Students and Staff Learn the Power of Positivity
By Kristen Walsh
Everyone has the power to energize others and create a more positive workplace. So say organizational experts Shawn Quinn of the University of Michigan and Ryan Quinn of the University of Louisville, who led sessions for staff members and students during Inauguration Week.
Workshops for staff focused on why building a positive organization matters and how such environments increase employees’ productivity and satisfaction in the workplace. During breakout sessions, colleagues asked guided questions to learn more about each other on a personal and professional level; they also identified specific ways that 1) their work benefits others and 2) they benefit from others’ work. The energy in the room ramped up almost immediately as staff members connected.
“I know that people can bring down colleagues with a negative attitude, but this made me think about the converse: If you’re energizing others, it lifts up everyone,” observed David Hatch, a senior business partner in the Human Resources department. “I’m going to be thinking about how I can do that in my work.”
In a separate program, students learned how to make a positive impact on those around them, including their peers and future colleagues. In addition to Shawn and Ryan Quinn, the symposium tapped President Alison Davis-Blake as a speaker and Vice President and Dean of Students J. Andrew Shepardson to moderate the discussion. He encouraged students to recognize the value they can bring to the workplace by energizing themselves, promoting a sense of belonging among co-workers and practicing gratitude in ways that can be as simple as saying “thank you.”
“All of you hold more power than you may believe, in the way you impact people’s lives around you,” said Shawn Quinn, whose message resonated among the students who packed Bentley’s Wilder Auditorium.

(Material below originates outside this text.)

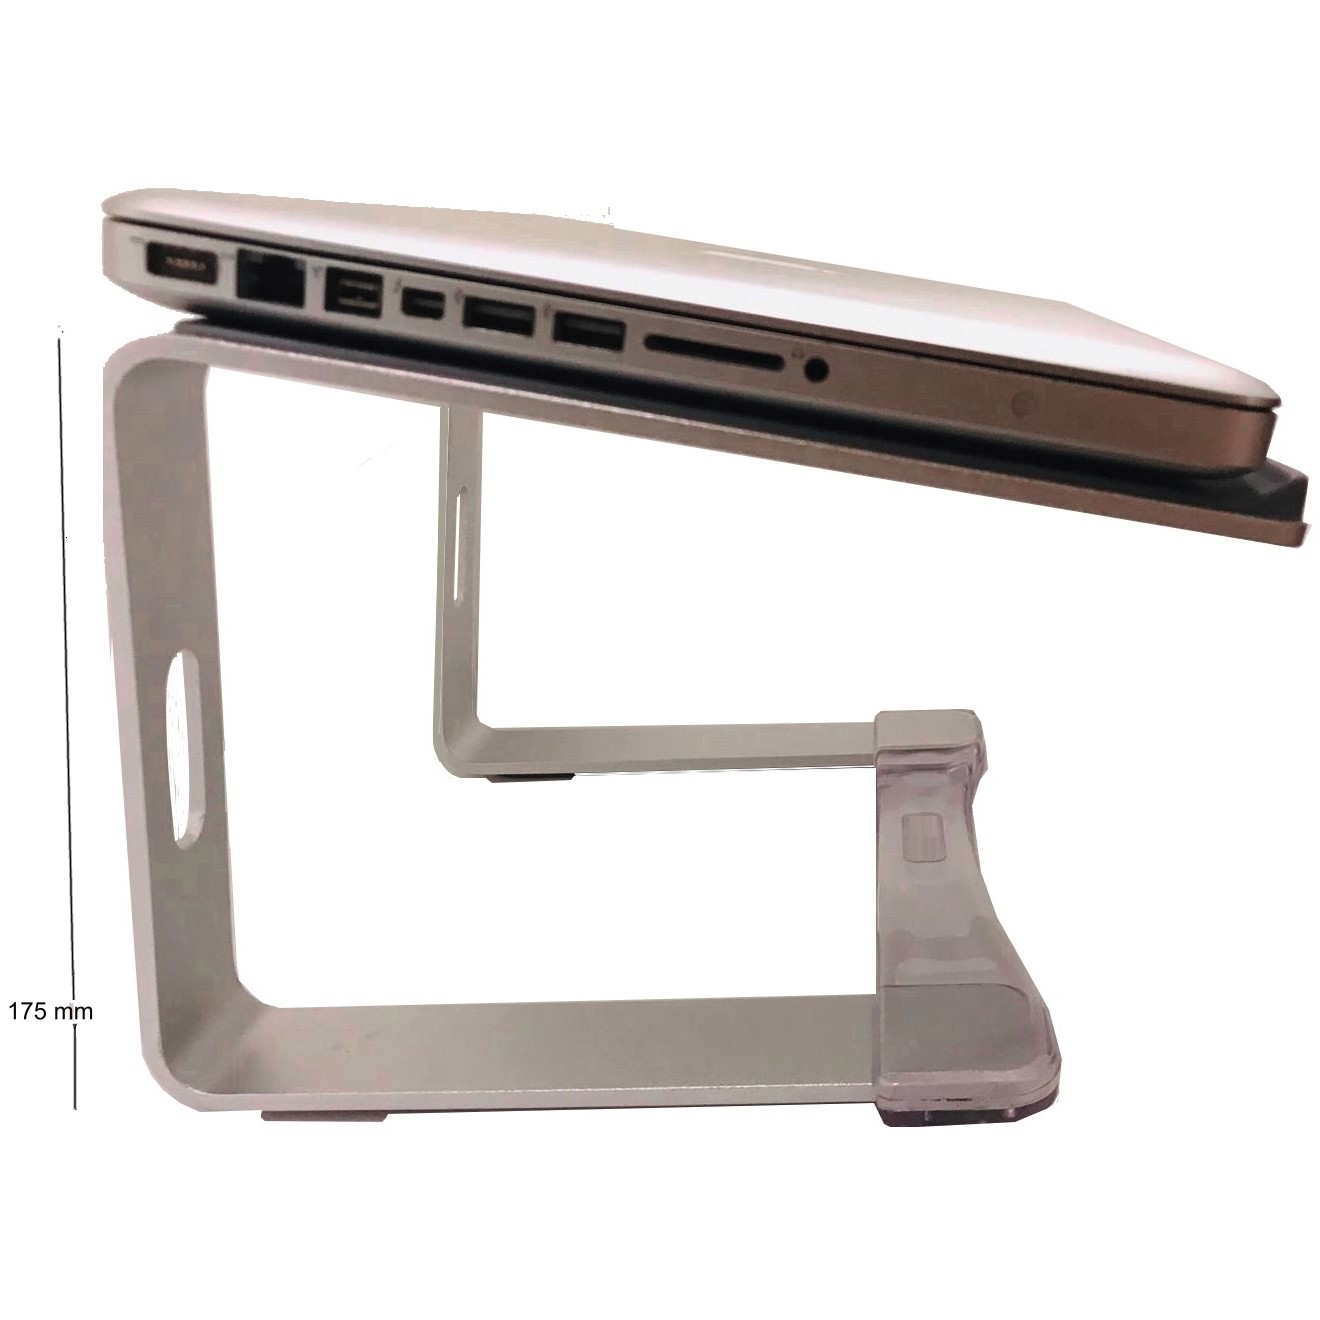 Suporte Elevado Aluminio Curv Higher + Alto 175mm s17

Krysten Arnold ’20 called the symposium eye-opening. “In the business world, it sometimes seems like money is central,” she said. “While that’s important, Shawn and Ryan Quinn and President Davis-Blake reminded us of the power of positivity and wanting to make a difference in the world. Do what you love, energize people and make a positive impact on others’ lives — and the money will follow.”
After the symposium, students gathered with faculty, staff and other members of the campus community to plant a tree, symbolizing the “Century of Growth, Future of Leadership” theme of Inauguration Week. Pictured, from left, with President Davis-Blake are Student Government Association leaders Patricia Magistrado ’19, Hannah McDonnell ’19 and Matt Stead ’19.

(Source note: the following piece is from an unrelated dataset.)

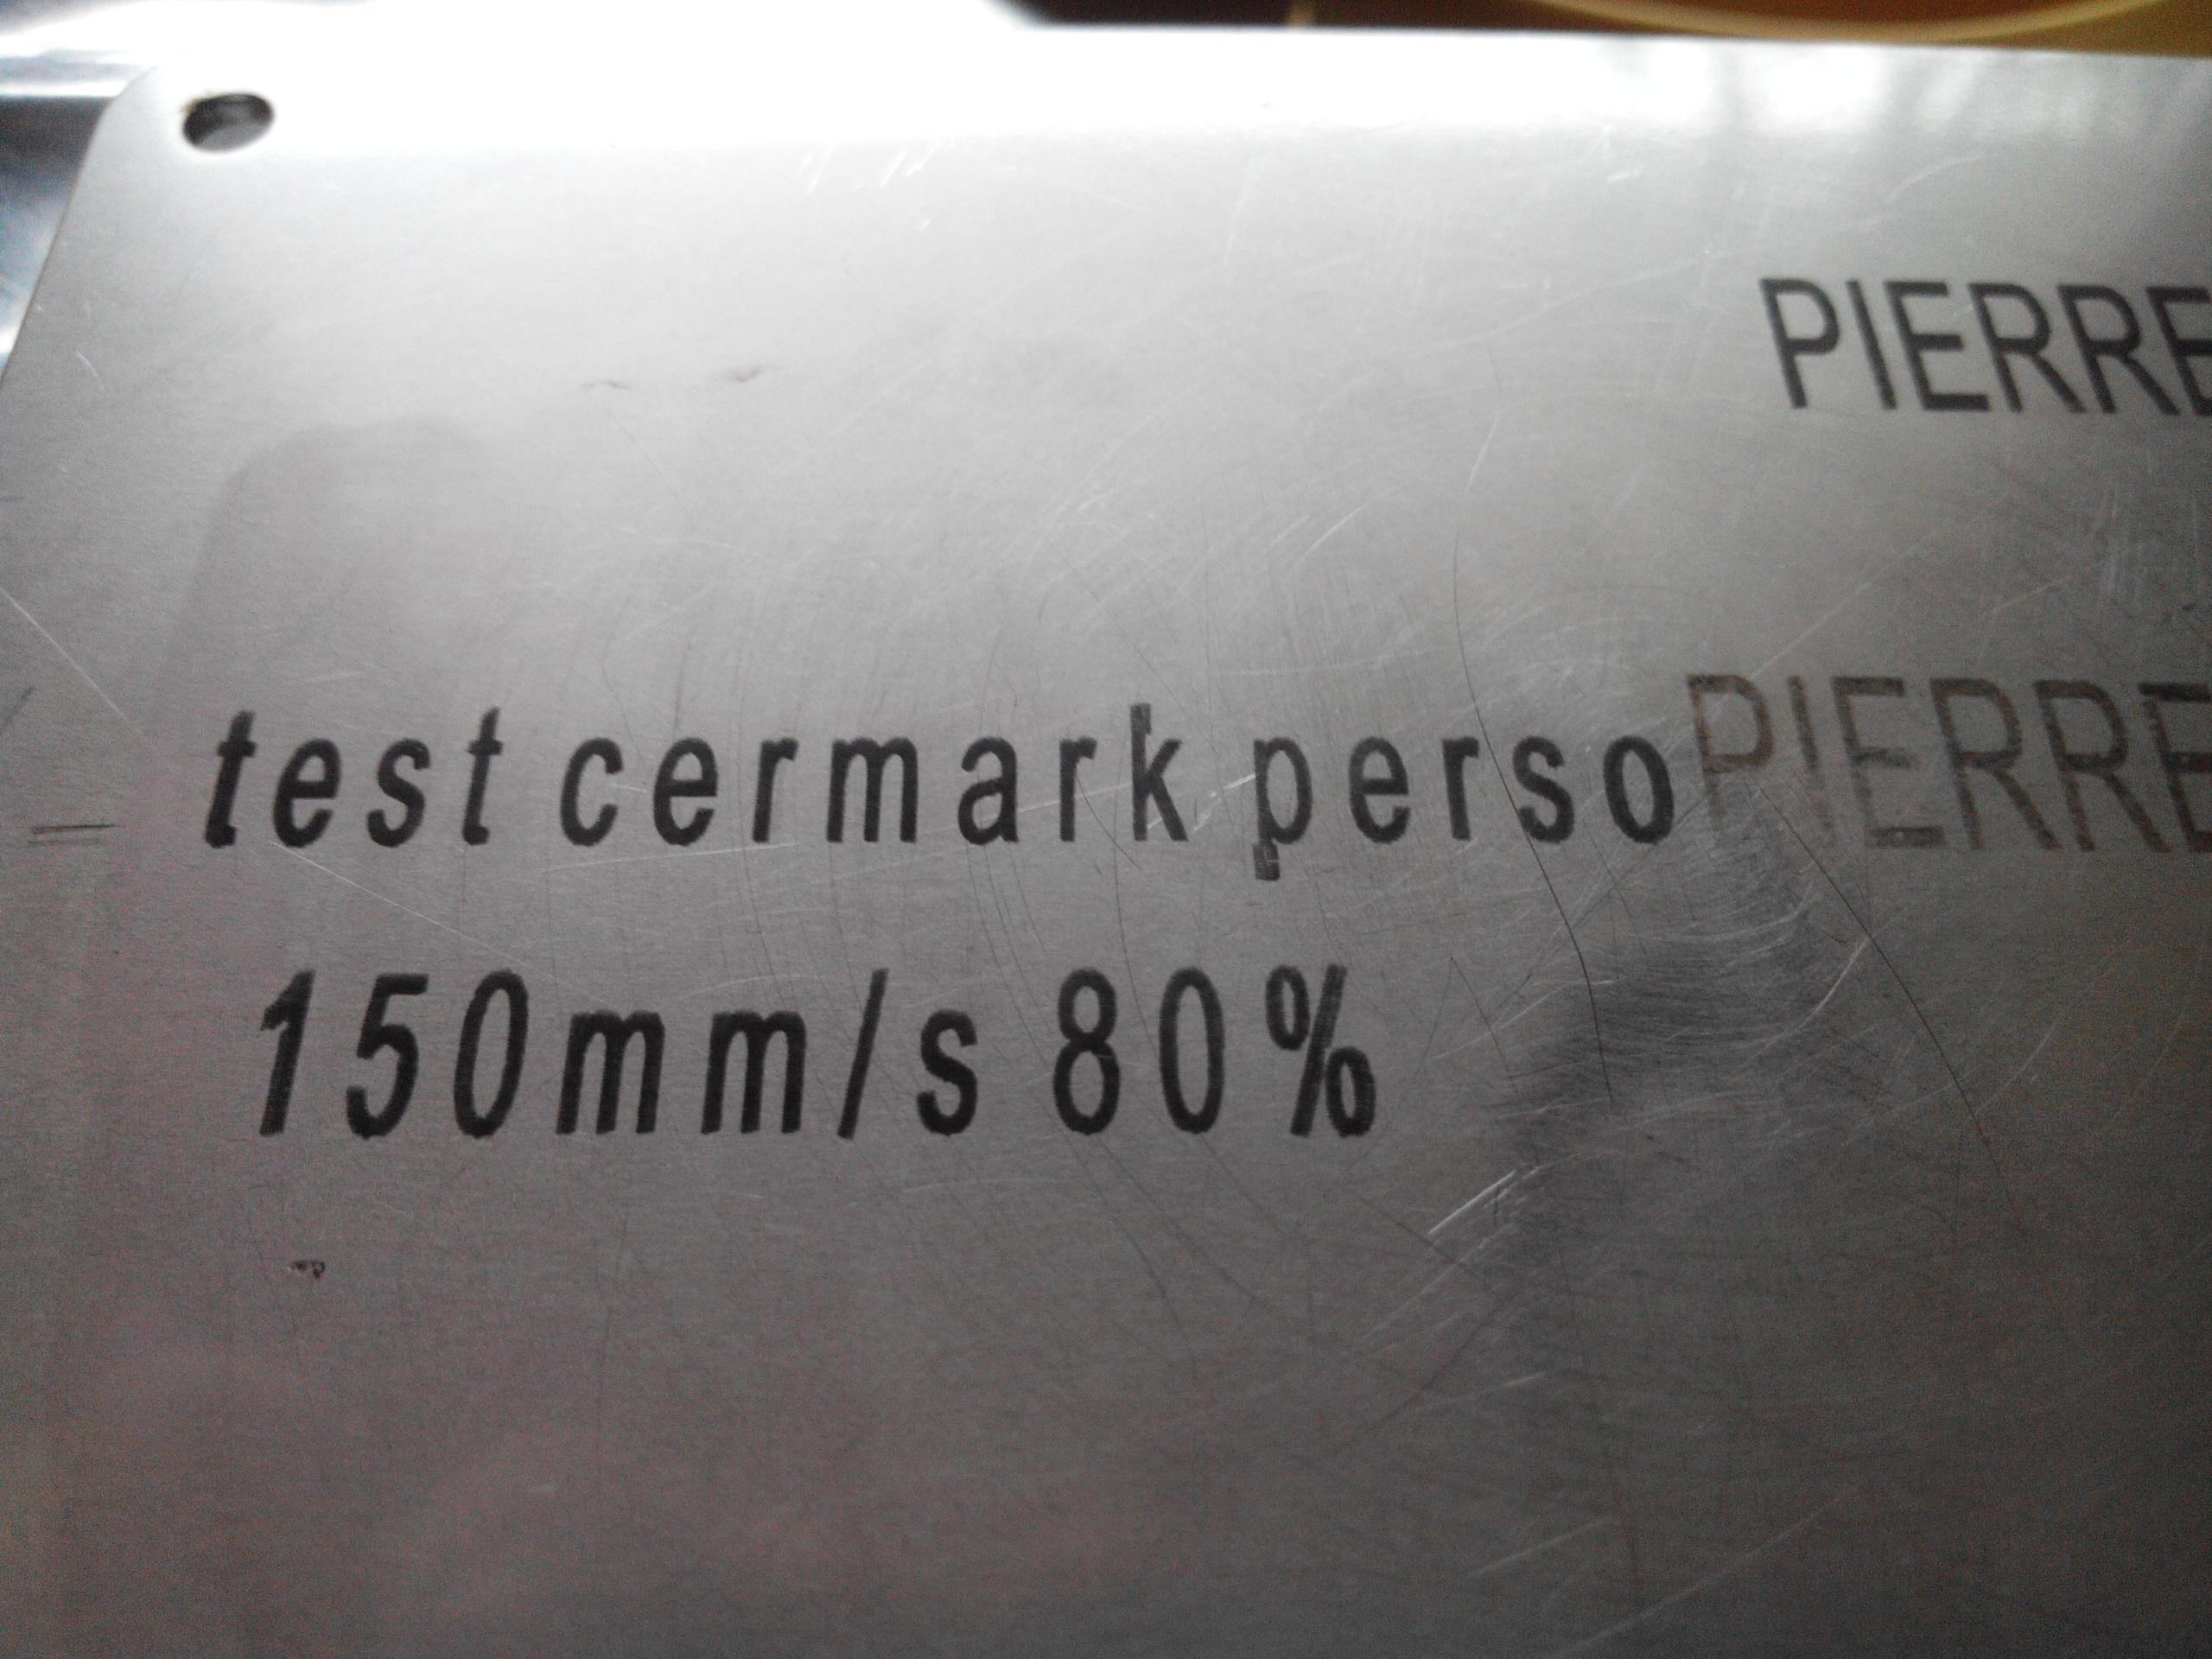 www.decoupecnc.be/laser/cermark1.jpg

Build a Workplace Where People Thrive
Compiled by Kristen Walsh
“We ought to be concerned about human sustainability, not just environmental sustainability,” urged symposium speaker Jeffrey Pfeffer. His research identifies factors to pay attention to.
Beware of positions with high demands but low control over work. The lower an employee’s rank, the higher the risk for cardiovascular disease.
Resist thinking that a long workday confers status. The number of hours worked correlates with higher blood pressure and lower productivity.
Develop practices that contribute to employees’ emotional and financial well-being, e.g., avenues for teamwork to build cohesiveness and reduce isolation.
Support strategies that minimize conflict between job and family. The fallout of conflict can be absence from work, mood and anxiety disorders, poor health and substance abuse.
PERCEIVED FAIRNESS AND JUSTICE
Create a culture that rejects discrimination in all its forms. Unfair treatment based on race, age or gender creates stress that undermines physical and mental health.